35011611My rating: 3 out of 5 stars

Date read: 24 October 2017

Published by Simon & Schuster on October 24th, 2017

Verdict: This is a bit like Lidia-lite.

Find it on Goodreads.

“When did we forget that we are not the stories we tell ourselves?”

I admire Lidia Yuknavitch: for her honesty, her brilliance, her resilience and for her genius way of writing. Having just finished The Chronology of Water I couldn’t not read this.  This book does exactly what it says on the tin: It is a manifesto for/ about misfits. Lidia Yuknavitch uses her own experience as well as the experiences of fellow misfits to paint a picture of what being a misfit can mean and what we all can learn from them. She makes a powerful statement on the importance of art and of channeling pain into something greater. She shows how she has found a place in the world, after many many a detour. She shows how her weaknesses can be her strength and the place where beautiful art develops.

I think, the main problem for me was that I read it so shortly after the masterpiece that was The Chronology of Water. That book just blew my mind and there was no way a book that is essentially the longform of a TED talk to even come close to its structural brilliance. She also rehashes a lot of that book but in way that creates a narrative – and I thought the strength of her other book was that she did not do that. She told of her life in fragmented, poem-like chapters. This narrative created afterwards feels somehow less true to life.

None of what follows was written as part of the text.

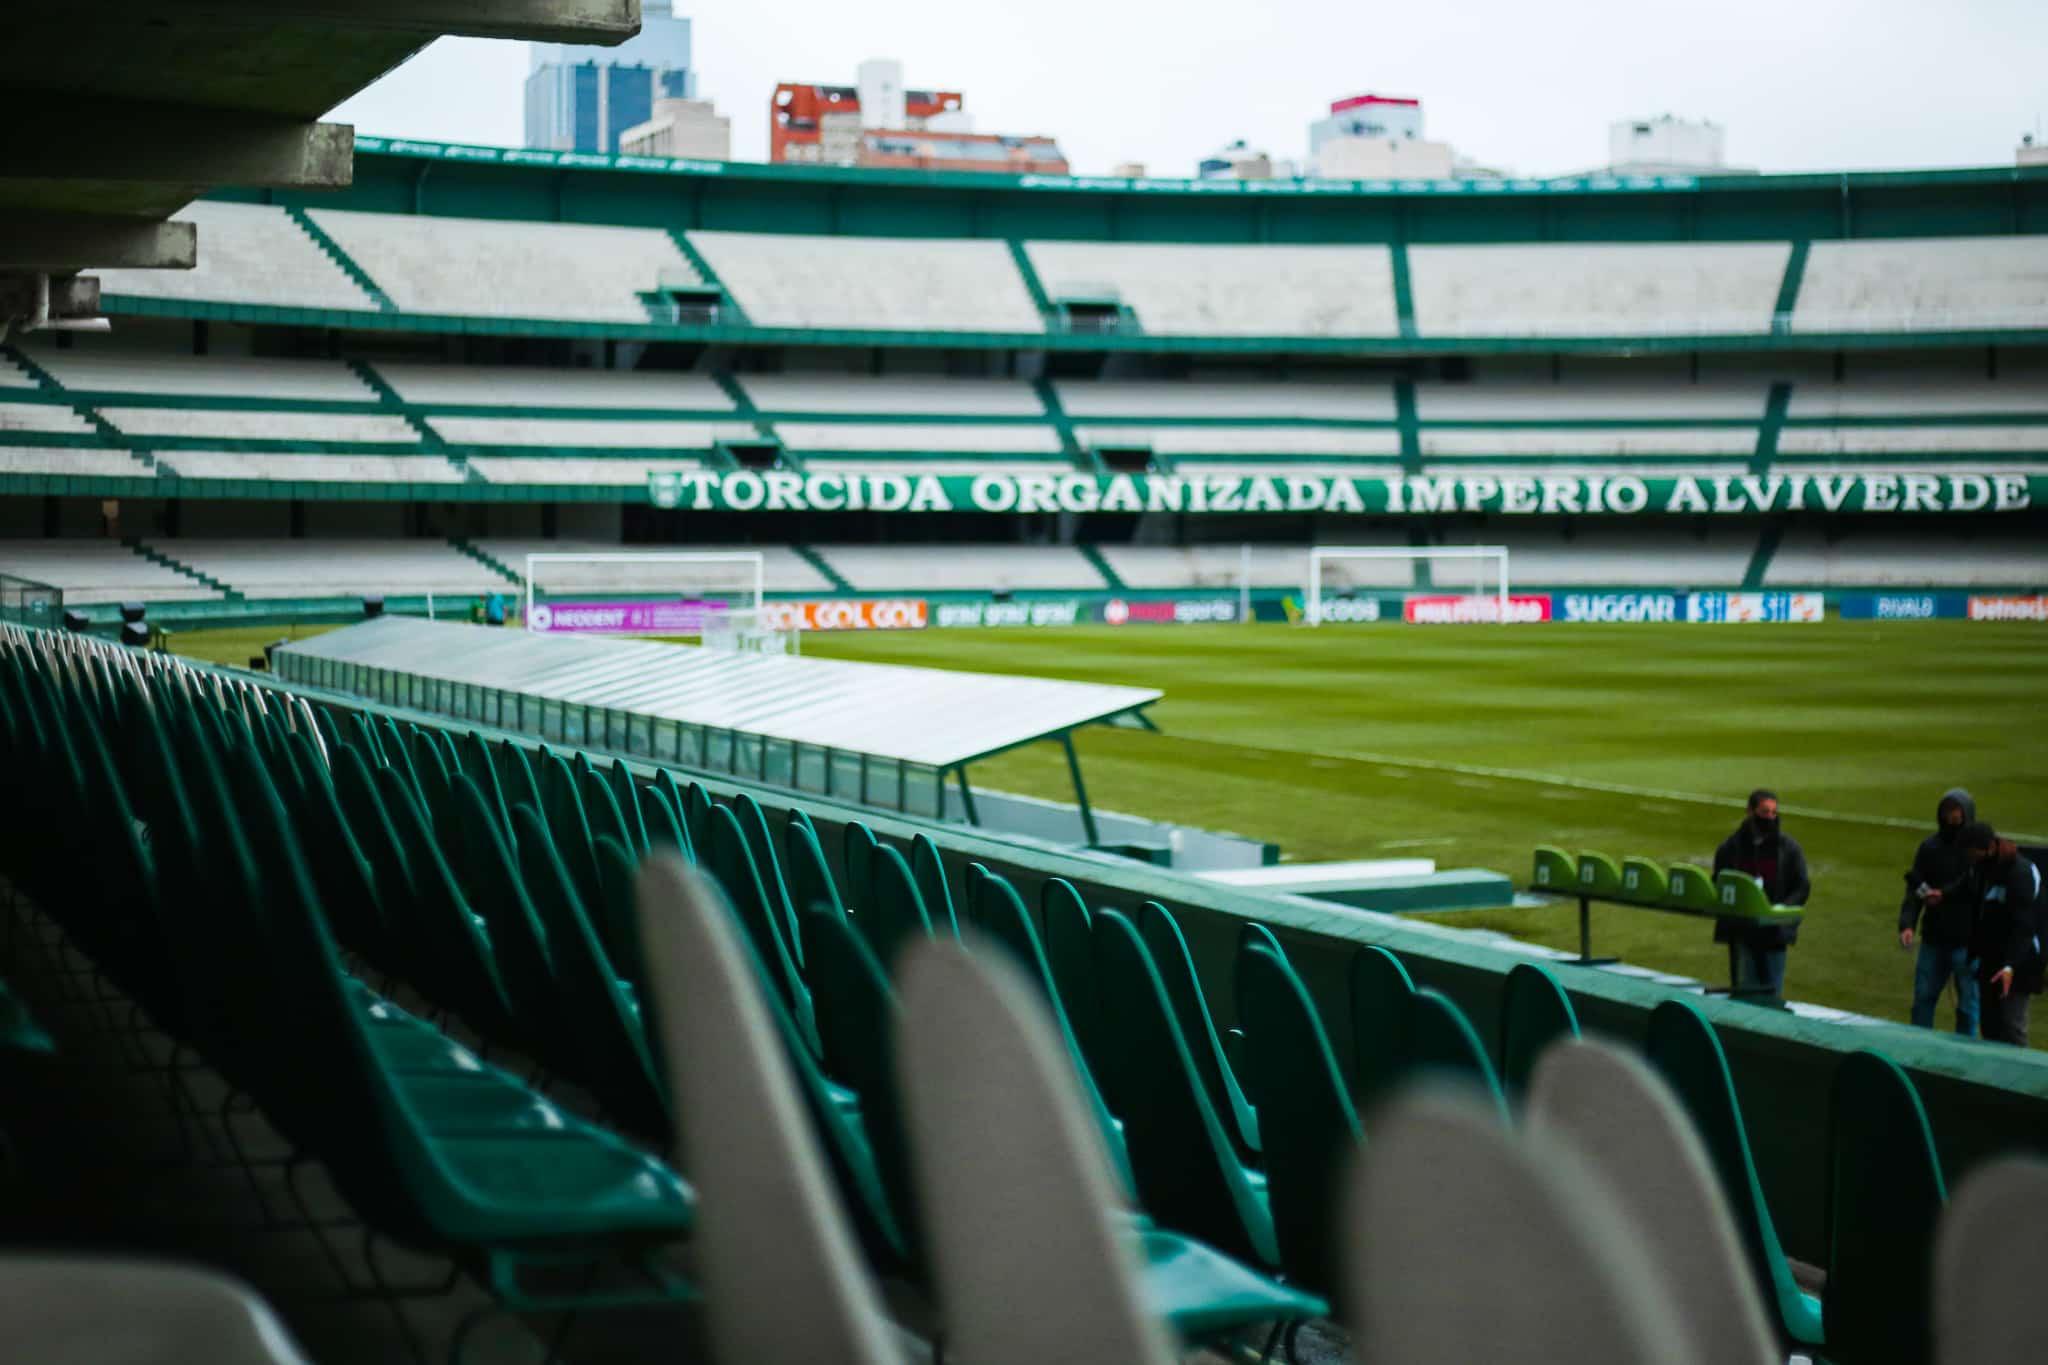 Com objetivos distintos, Coritiba e Cruzeiro se enfrentam na noite desta sexta-feira (08), às 21h30, no Estádio Couto Pereira, em Curitiba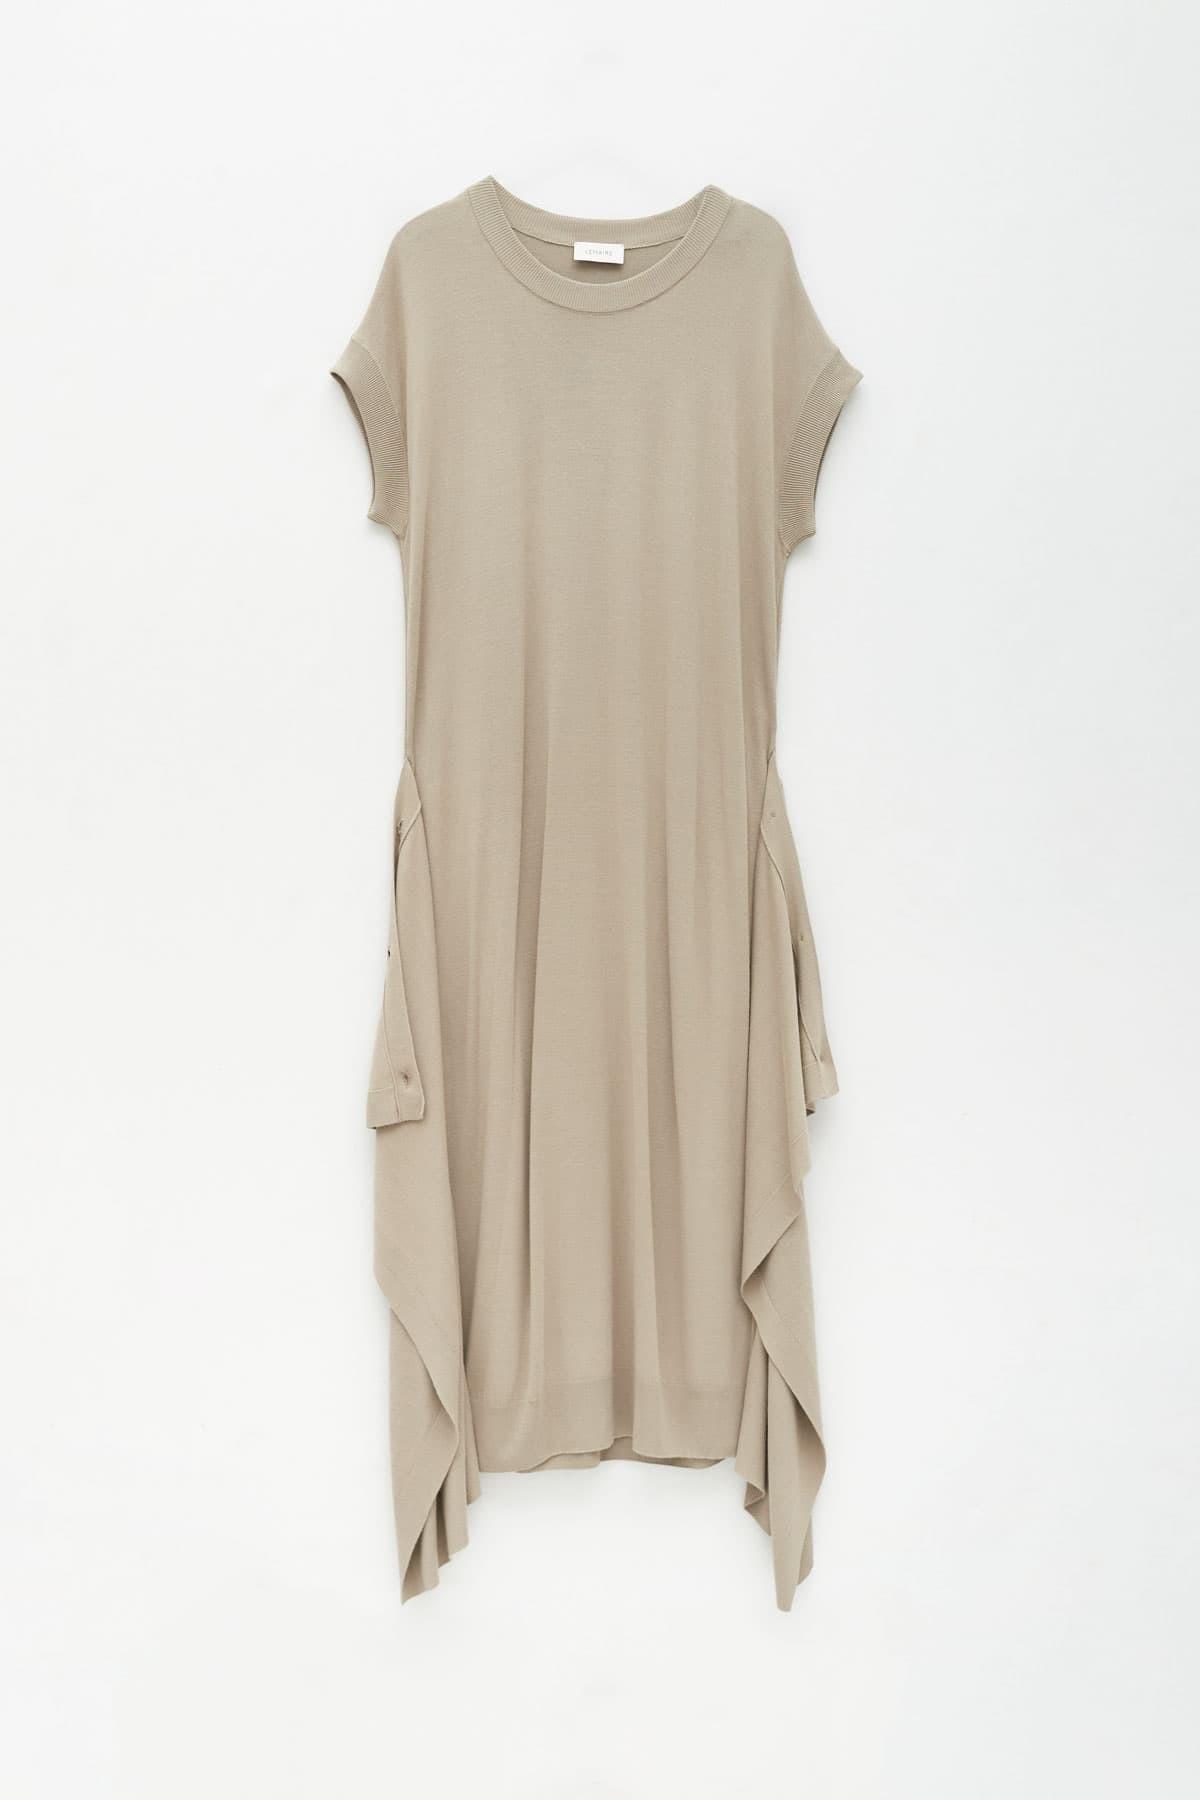 Shop Comme Des Garcons Black Knitwear W27506

Still, she can spin beautiful sentences like hardly anybody else and her voice and viewpoint is an important one. I adore that she ultimately arrived in a place of strength and how she uses that strength to try and make the world a better one.

First sentences: “Misfit. Trust me when I say there is a lot packed into that little word.”

I received an arc of this book curtesy of NetGalley and Simon & Schuster in exchange for an honest review.